Donofrio: If you’re a board member, you can start by asking the CEO to bring you their definition – their understanding of the corporate culture. The BRC was very cautious to not suggest that we build culture committees. That’s not what this is about. It’s got to permeate everything you do. Wherever you engage as a director, you need to understand what that culture is, what the shared assumptions are. You can then look for it in audit, in compensation, in governance, in technology, at every turn with the mindset that it’s not just about results, it’s about effort.

These are the pragmatic sides of this issue. As a director, and I don’t want to indict all directors, we tend to want to step back. “We’re so busy, we’re doing so much, that’s the CEO’s job, we shouldn’t be doing this…” If as a director you can’t honestly feel the culture of a company and understand it in a very short period of time, you should worry.

Let’s talk about the role of the General Counsel and legal team. What can the General Counsel or Chief Legal Officer do to support a positive, resilient culture that can help the company thrive and help it survive in difficult times?

Donofrio: It’s not just the Chief Legal Officer. Every committee is staffed by some legal function, whether it’s the General Counsel or someone else. Across the entire legal function, their attitude needs to be to keep pushing these issues in front of the board and make sure the board is being thoughtful about culture.

I know lawyers understand exactly what I’m saying about effort and results. They know the balance better than anyone. When the results are way out of whack, they become suspicious because good lawyers are that way. They have to feel free to enable the board to see when that effort was manipulated, managed, forced, contrived. They have an obligation to make sure that it comes through. That’s not their decision – what to do about it – but their obligation is to make sure that the board is seeing a balanced view. If you stick with that simple thought around effort and results as a board member, enabled by a good General Counsel, everything’s going to move faster and get better sooner.

I’m not loading this all on the General Counsel, but in many ways the General Counsel can be the enabler for the release of this report into the committees and the company.

Gayle: You pointed out very clearly the important role that the General Counsel can play. But the CEO is the Chief Culture Officer. The CEO is responsible ultimately for culture. But the role of the General Counsel is a special one. It often can be the voice of moral authority. That said, we all felt very strongly that it is the CEO’s responsibility to both help define culture and to be the standard bearer for the culture of the organization.

There’s a great phrase in the report about the “buzz at the bottom” of a company. It’s very difficult to understand a culture from the outside. Directors are both outside and inside. How can they do it?

Gayle: Clearly, there’s an advantage to being a bit removed because people are so immersed in their own culture – somebody said it’s like air; it surrounds you all the time. If you’re working in your own culture every day, you may not have the objectivity that it takes to see what’s going right and to avoid what’s going wrong.

There’s a quote in the report here about breathing your own exhaust.

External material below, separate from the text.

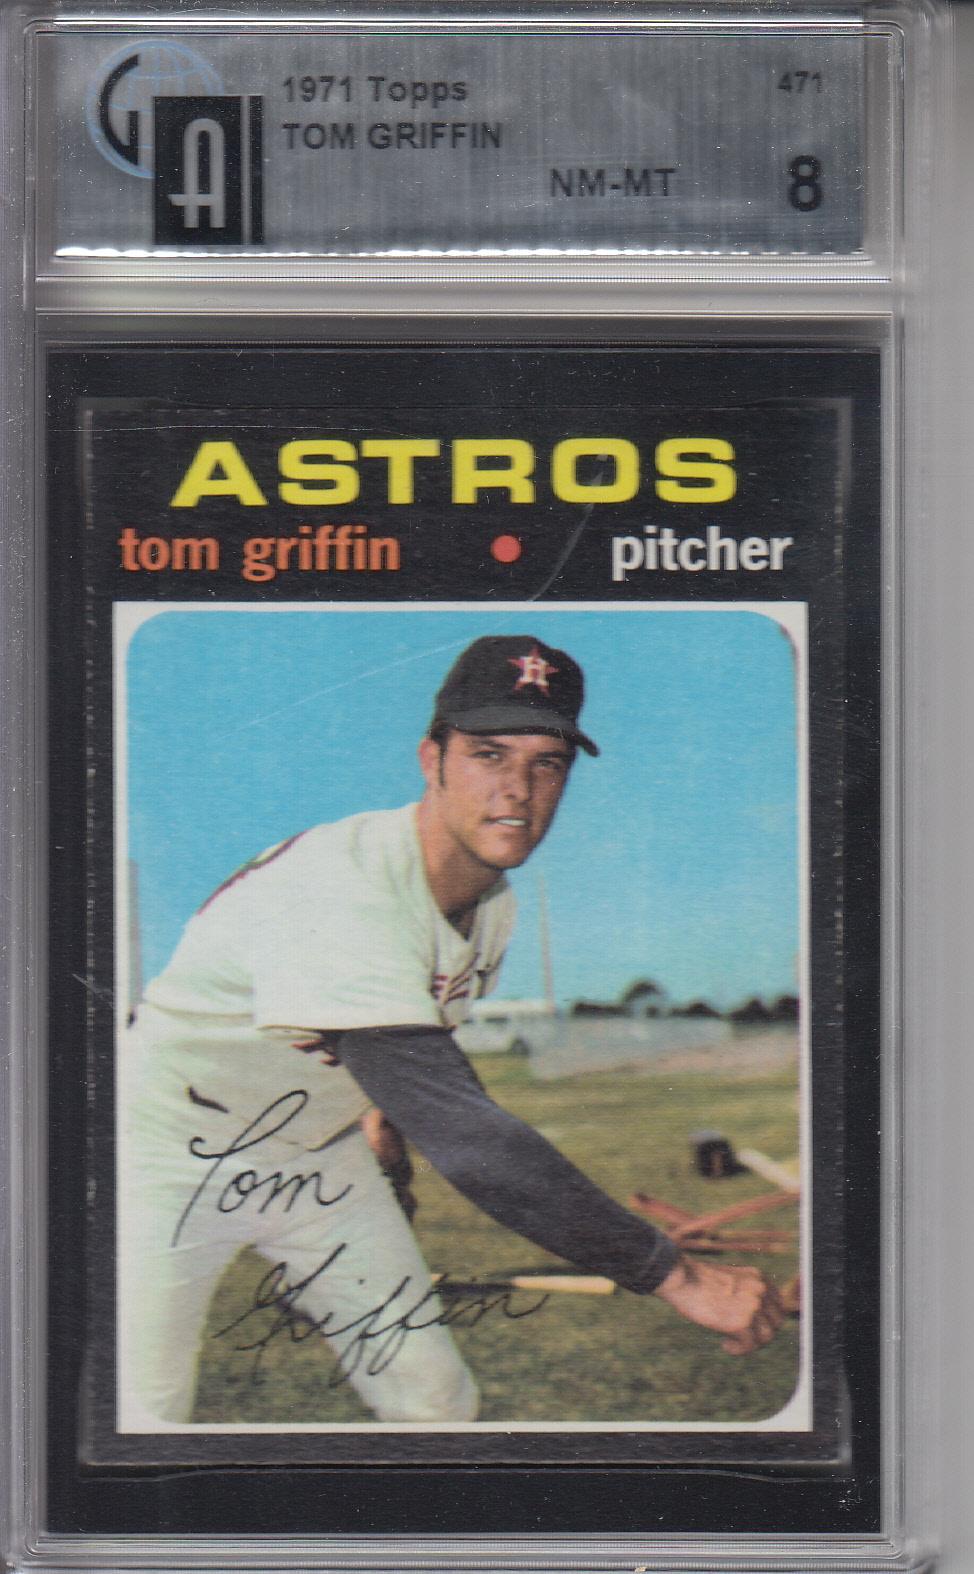 1971 Topps #471 Tom Griffin ASTROS GAI 8 NM-MT Z15683

Gayle: Exactly. That slight distance of being an outside-insider, if you will, as a director probably provides that objectivity. That said, going to board meetings is never going to be enough to understand the culture. Directors have a responsibility to get inside, see the operations, talk to other staff besides those present at board meetings. I think it is incumbent on directors to figure it out. Good CEOs encourage that. I’ve sat on boards with CEOs who actively encouraged us to know key staff so that we would be more in touch with the real issues on the ground.

Donofrio: When the CEO doesn’t want you to do that, that’s usually a signal that there’s something wrong with the culture. If they’re keeping you away from people, it’s probably a good indication that something is out of whack.

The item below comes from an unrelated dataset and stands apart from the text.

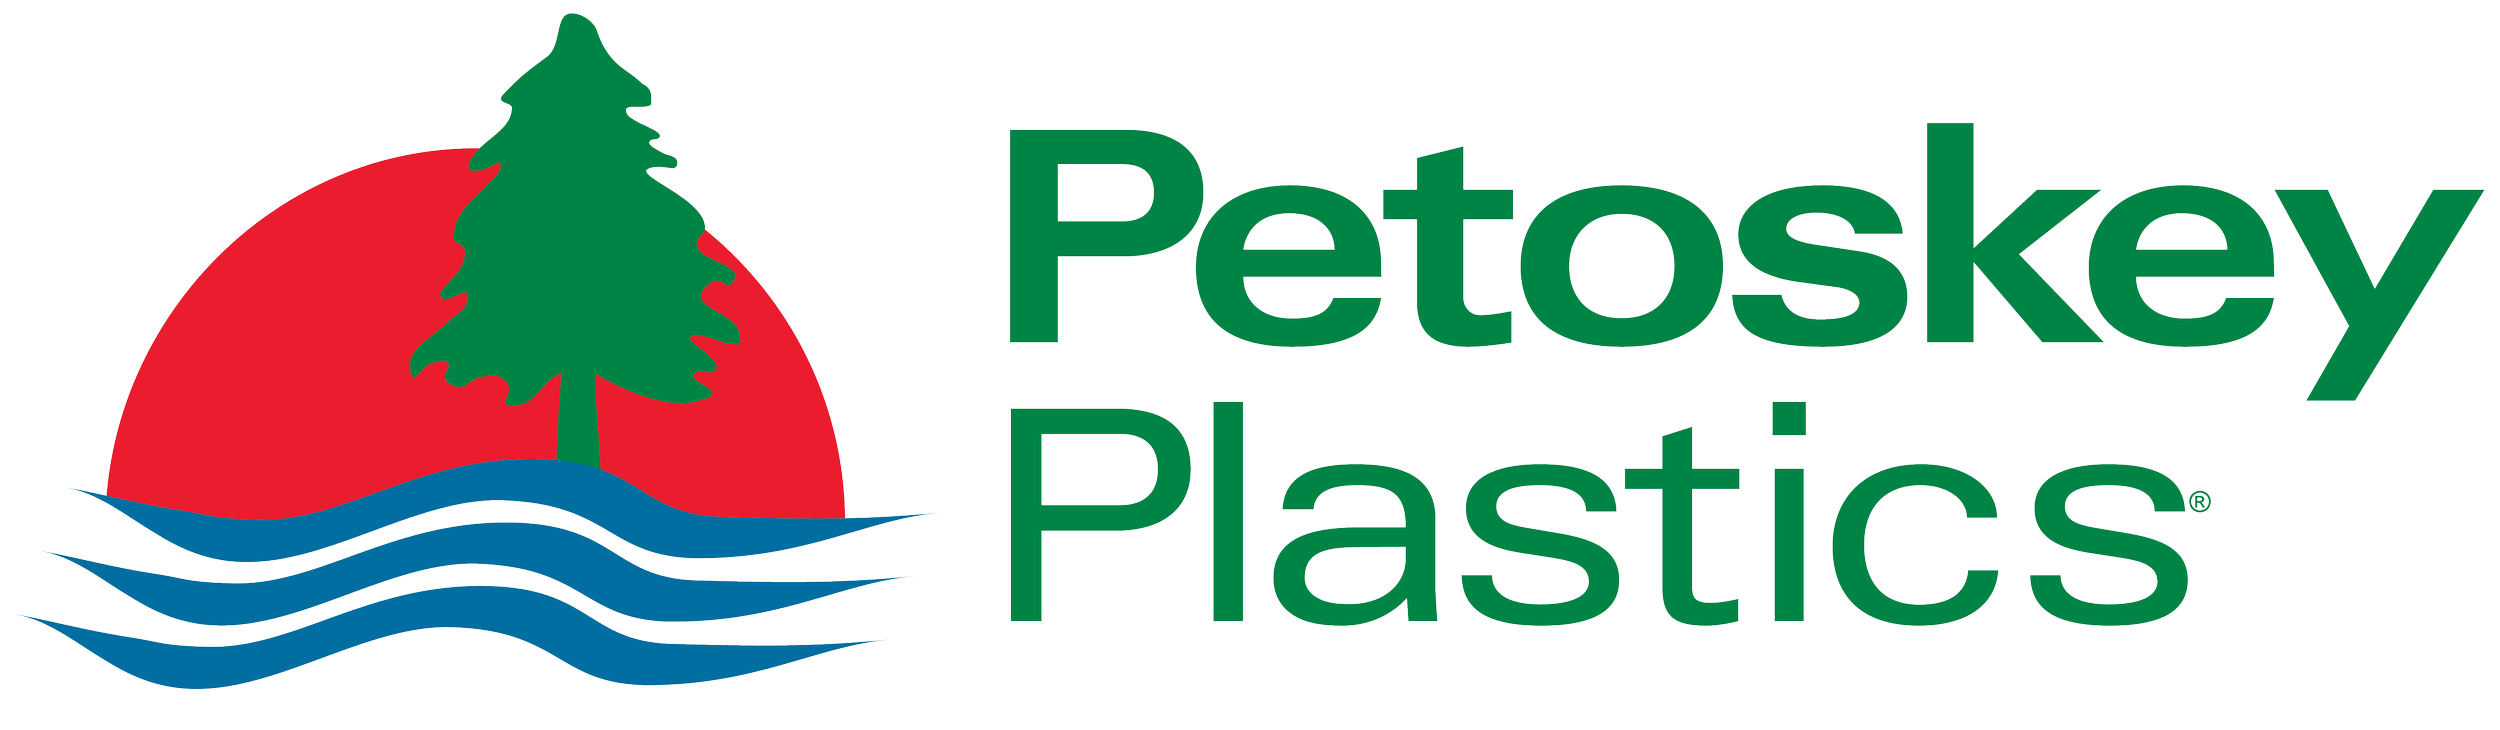 Petoskey Plastics Logo.png

We’re not suggesting that you live there 365 days a year, but there needs to be an interactive model. Helene said it well. If all you do is go to board meetings or committee meetings and expect that’s going to help you determine the culture of the company, you’re wrong. And you need the CEO to agree with you and sign up for it. If not, you probably picked the wrong CEO. Either you get out or you get them out.

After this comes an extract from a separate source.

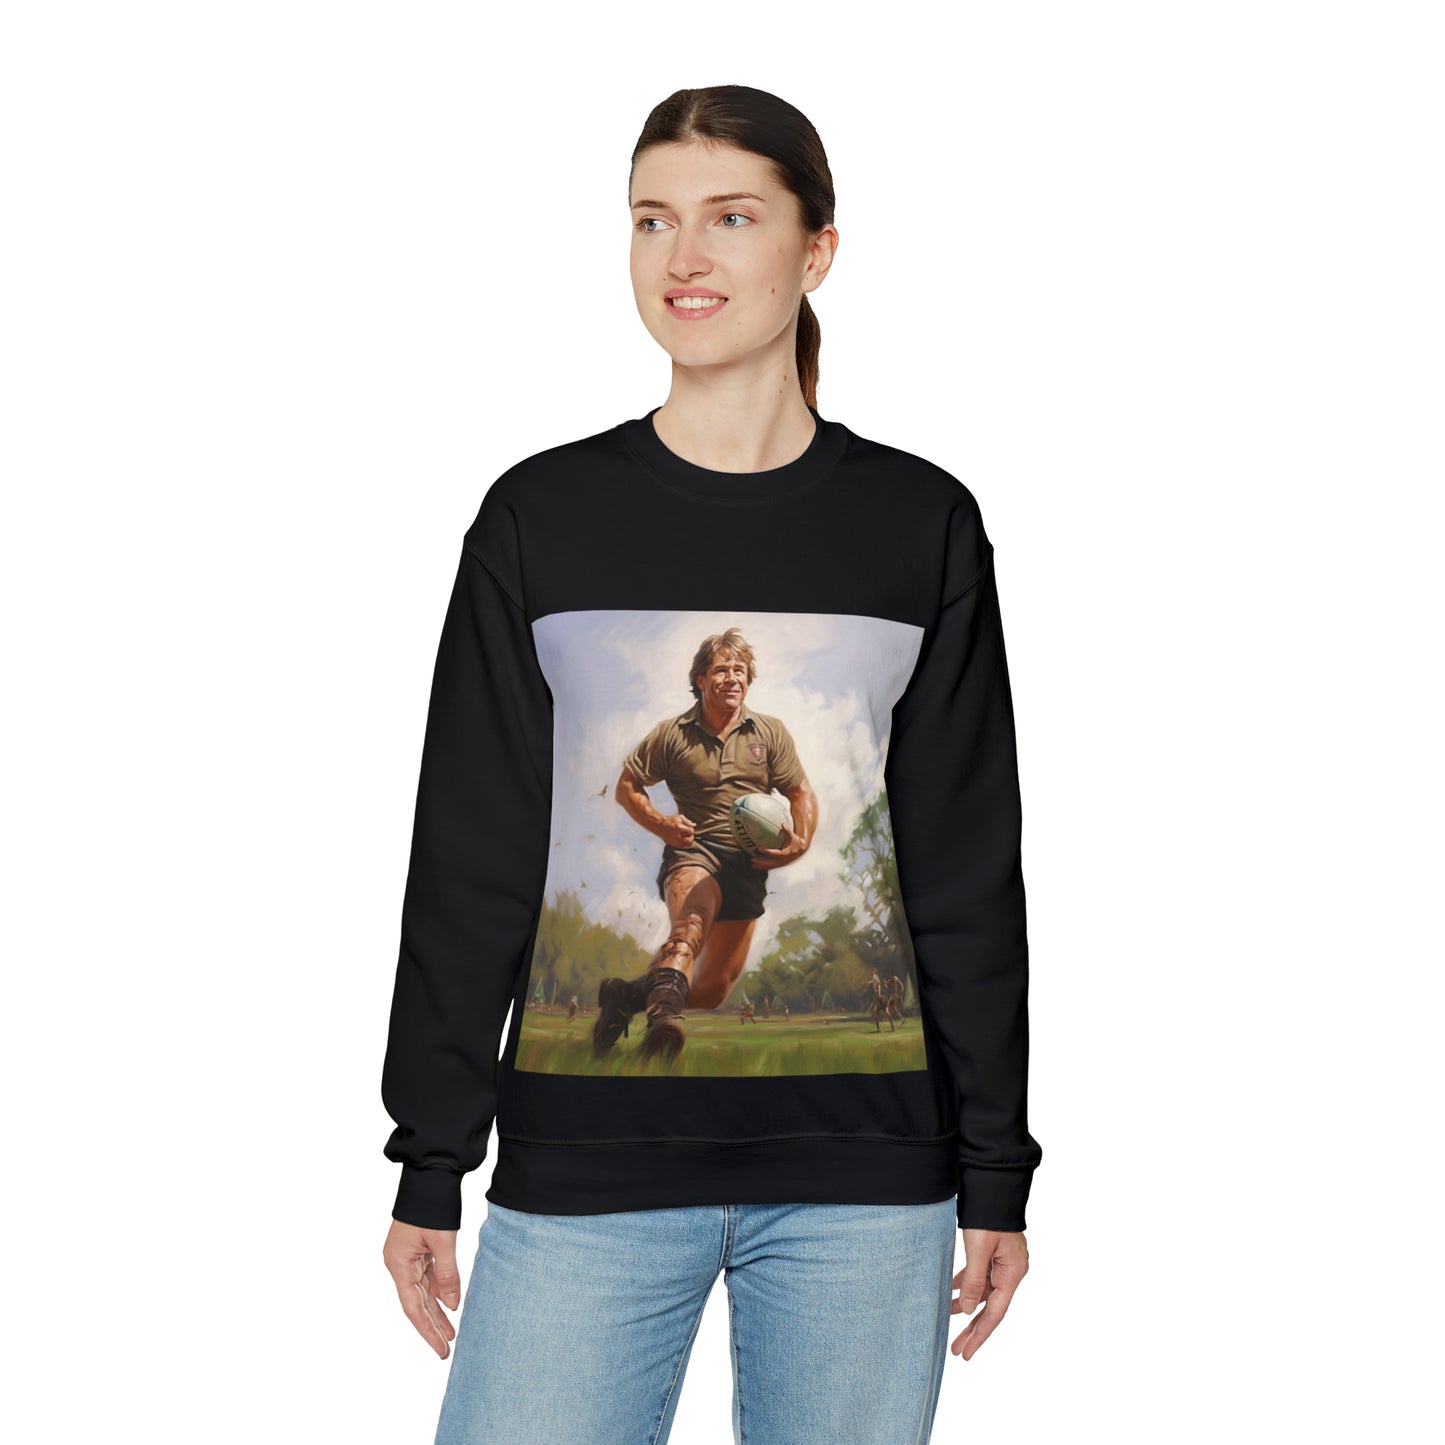 Steve Irwin 2 - black sweatshirt

Nick Donofrio, a member of the Board of Directors of the National Association of Corporate Directors (NACD), spent 44 years at IBM, serving in a variety of roles, including executive vice president of innovation and technology. In 2008 he was elected an IBM Fellow, the company’s highest technical honor, and in the same year received the first U.S. National Nuclear Security Administration Gold Medal ever conferred on a non-U.S. government employee. He currently serves on the boards of Advanced Micro Devices Inc. and Delphi Automotive plc, and chairs the innovation and technology committee for both companies, the board of Bank of New York Mellon, where he chairs the technology committee, and is a director of Liberty Mutual and The MITRE Co.

Helene D. Gayle, CEO of The Chicago Community Trust, formerly served as CEO at McKinsey Social Initiative, a nonprofit that addresses complex social challenges, and president and CEO of CARE USA, a leading international humanitarian organization. An expert on global development, humanitarian, and health issues, she spent 20 years with the Centers for Disease Control, and then worked at the Bill & Melinda Gates Foundation, directing programs on HIV/AIDS and other global health issues. Dr. Gayle serves as a director on the boards of The Coca-Cola Company, Colgate-Palmolive Company, the Rockefeller Foundation, the Center for Strategic and International Studies, the New America Foundation, the ONE Campaign, and the Atlanta Metro Chamber of Commerce.

Published .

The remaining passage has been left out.